Her practical triage advice for veterinary technicians: secure the airway, support breathing and circulation, then perform a focused neurologic exam once the patient is stable. Mentation, from alert to comatose, is a rapid bedside metric. Evans recommended using as both a triage tool and a trending measure during treatment.
Seizures were a focal point of the session. Evans cautioned that prolonged or repeated seizures inflict rapid brain damage and require immediate control and investigation for reversible causes such as hypoglycemia or toxins. “Oh, poor baby’s brain is on fire. Because that’s basically what it is,” said Evans, to underline the urgency of anticonvulsant therapy and continuous monitoring. Practical bedside interventions she recommended include audible seizure alerts (bells), continuous observation, and recumbent care with passive range-of-motion for altered patients.

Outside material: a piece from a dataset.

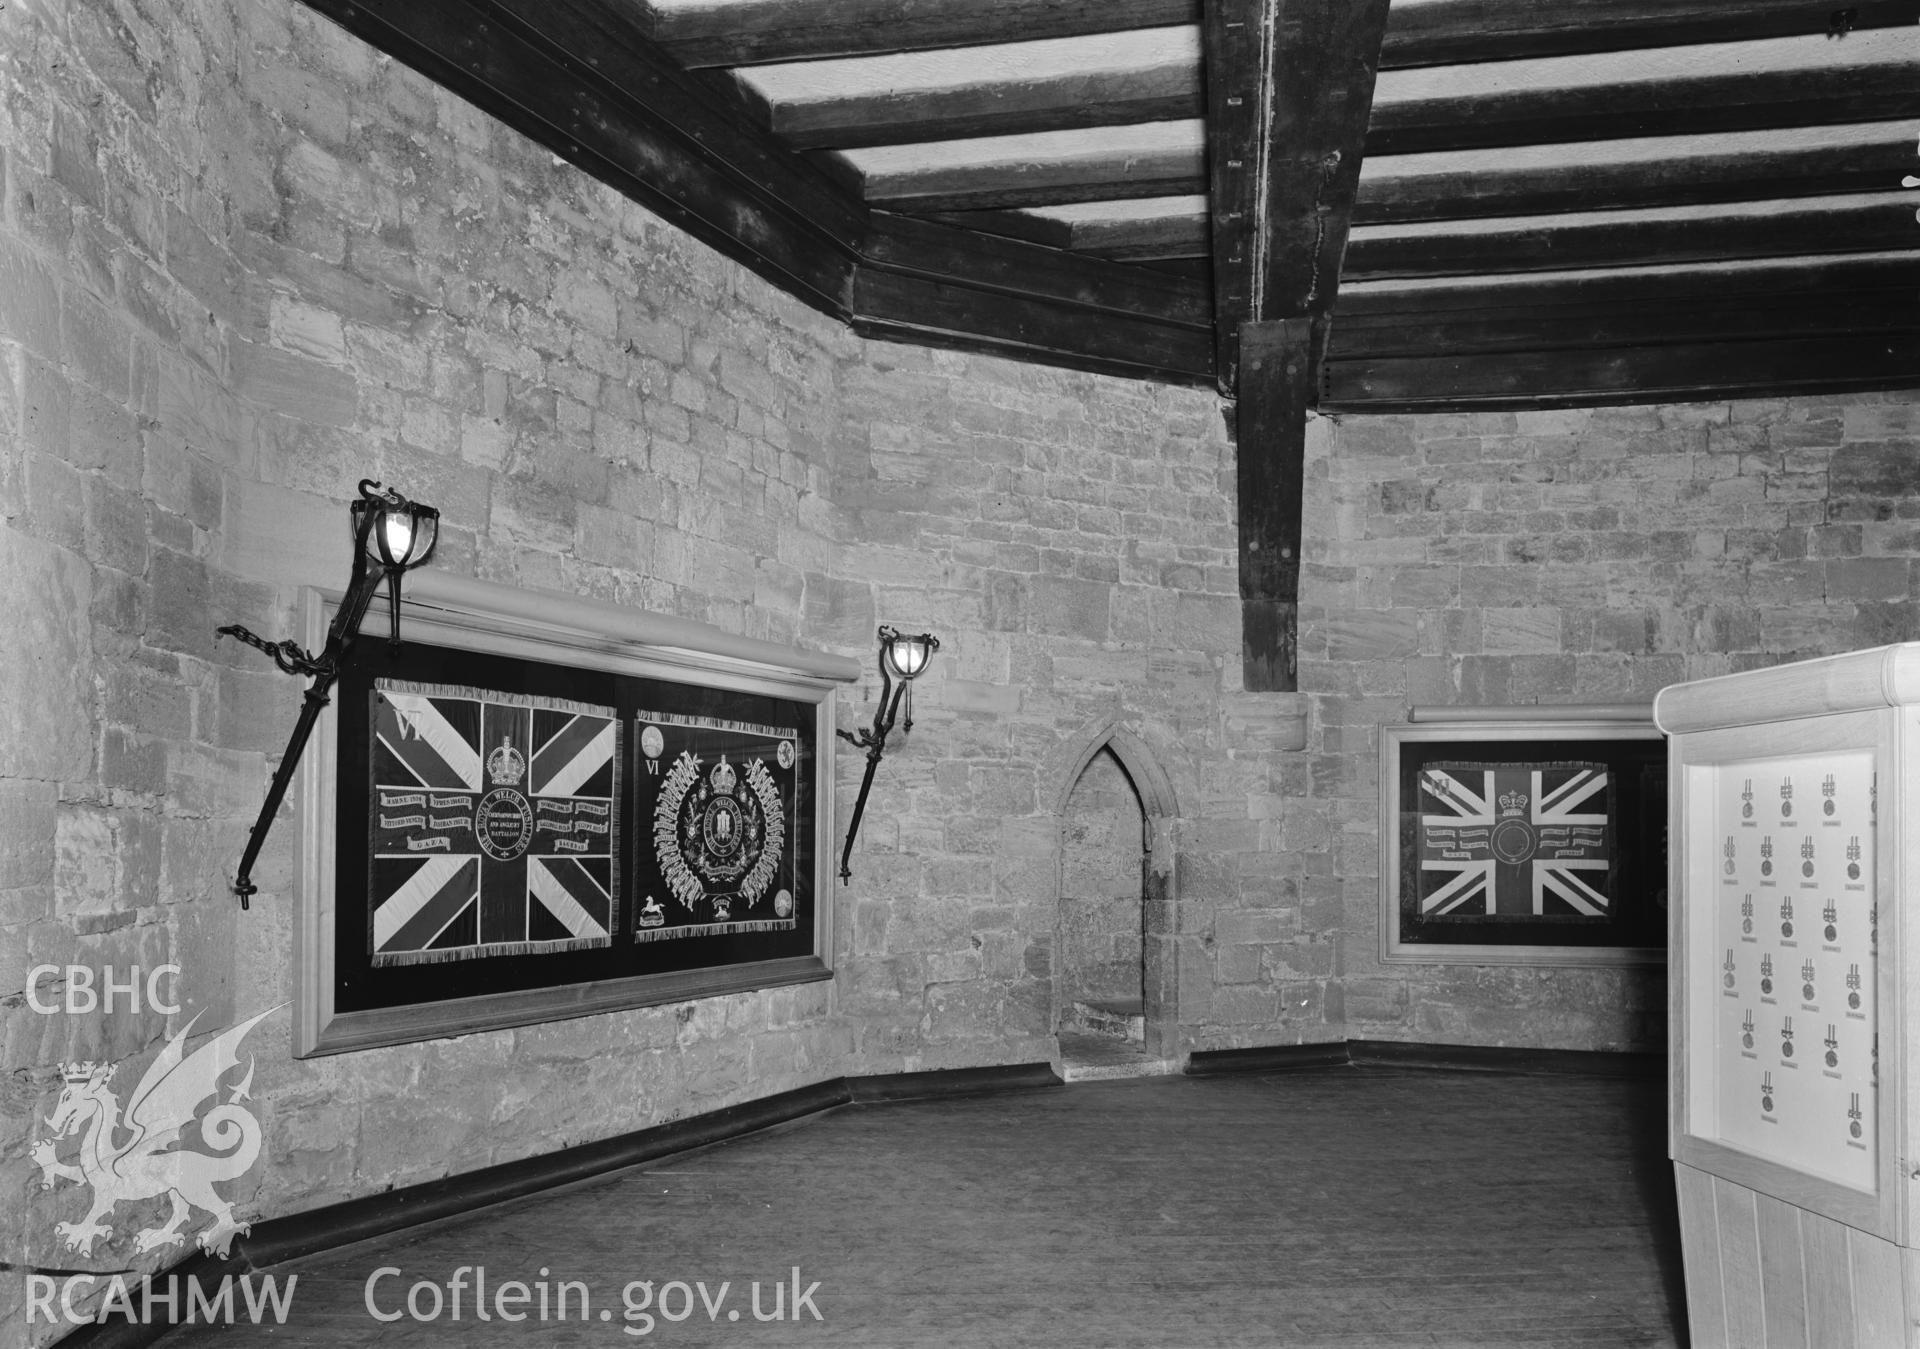 D.O.E photograph of Caernarfon Castle - Eagle Tower interior.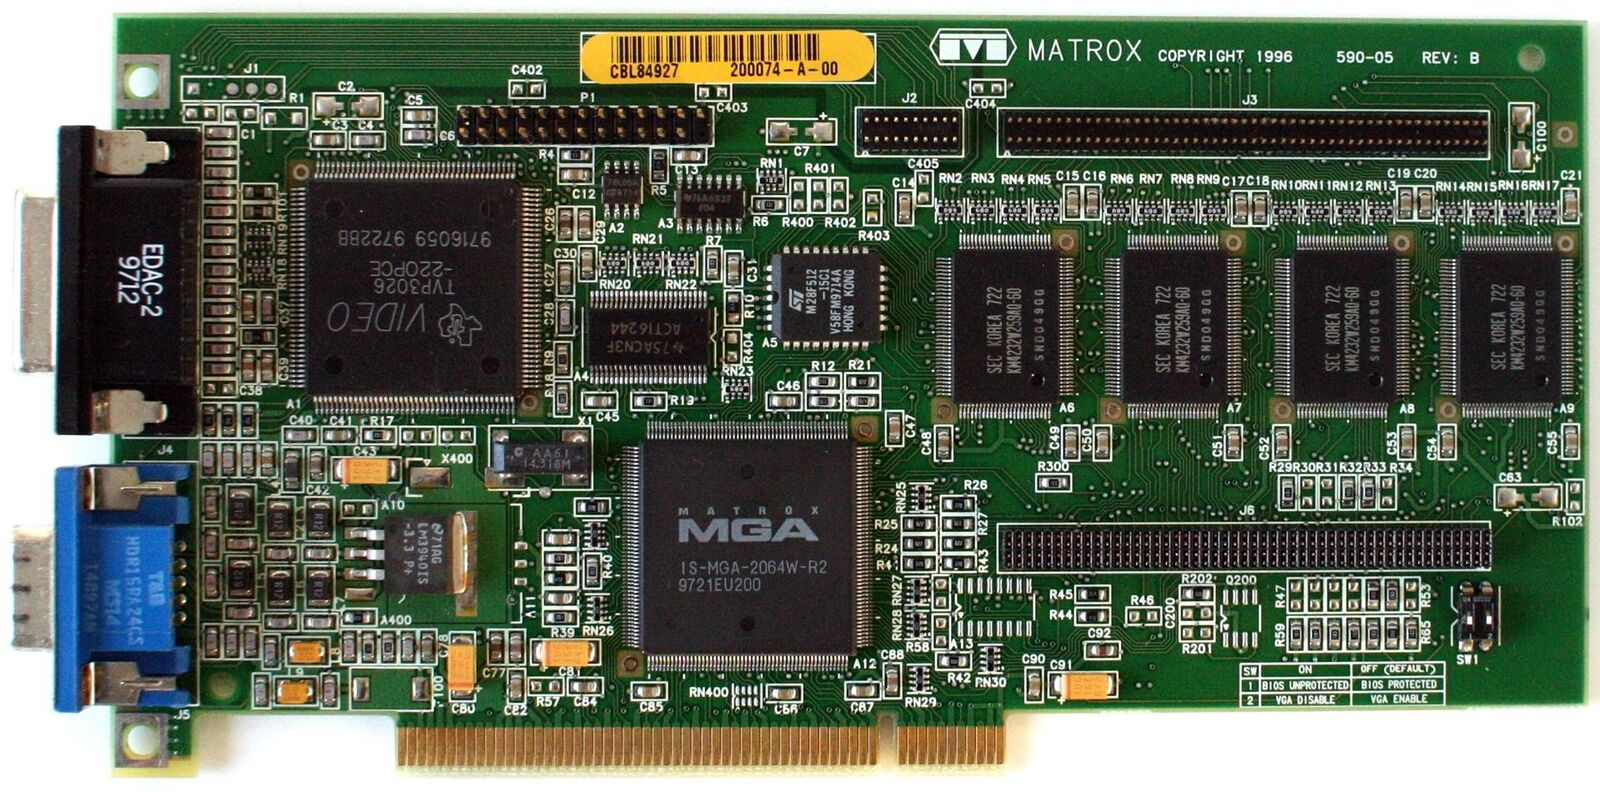 MATROX 590-05 REV.B 4MB PCI VIDEO CARD, FCC ID: ID7059000, MGA-MIL/4/IB3, IBM...

For traumatic brain injury, Evans advised routine use of the Modified Glasgow Coma Scale (MGCS) as a serial tool rather than a single prognostic snapshot. “This is not a one off. Doing this once doesn’t tell me a whole lot…Trends are a big word when it comes to the Modified Glasgow Coma Scale,” she said, recommending repeated scoring to document response to therapy and guide escalation. She also urged careful documentation of posture and gait abnormalities to help localize lesions and inform imaging choices.
Evans outlined technician-led measures that frequently determine outcomes: spinal stabilization before movement, documenting motor function before analgesia, and selecting imaging appropriate to the suspected cause (MRI for IVDD, CT for high-energy trauma). She stressed pain reassessment, urinary care, pressure-relief rotation and early physiotherapy as routine priorities for spinal and recumbent patients.
On vestibular disease, she contrasted typically self-limiting peripheral cases with central disorders that often include mentation changes and carry a guarded prognosis; padded housing, antiemetics and close neurologic checks can both comfort the patient and reveal progression.
“Understanding how to do that and understanding what we see when they come in is really important,” Evans concluded, framing veterinary technician training and vigilant bedside care as pivotal to improving neurologic patient trajectories.
The take-home message from the session? Stabilize first, monitor consistently, and apply focused technician interventions to limit secondary injury and give neurologic patients the best chance for recovery.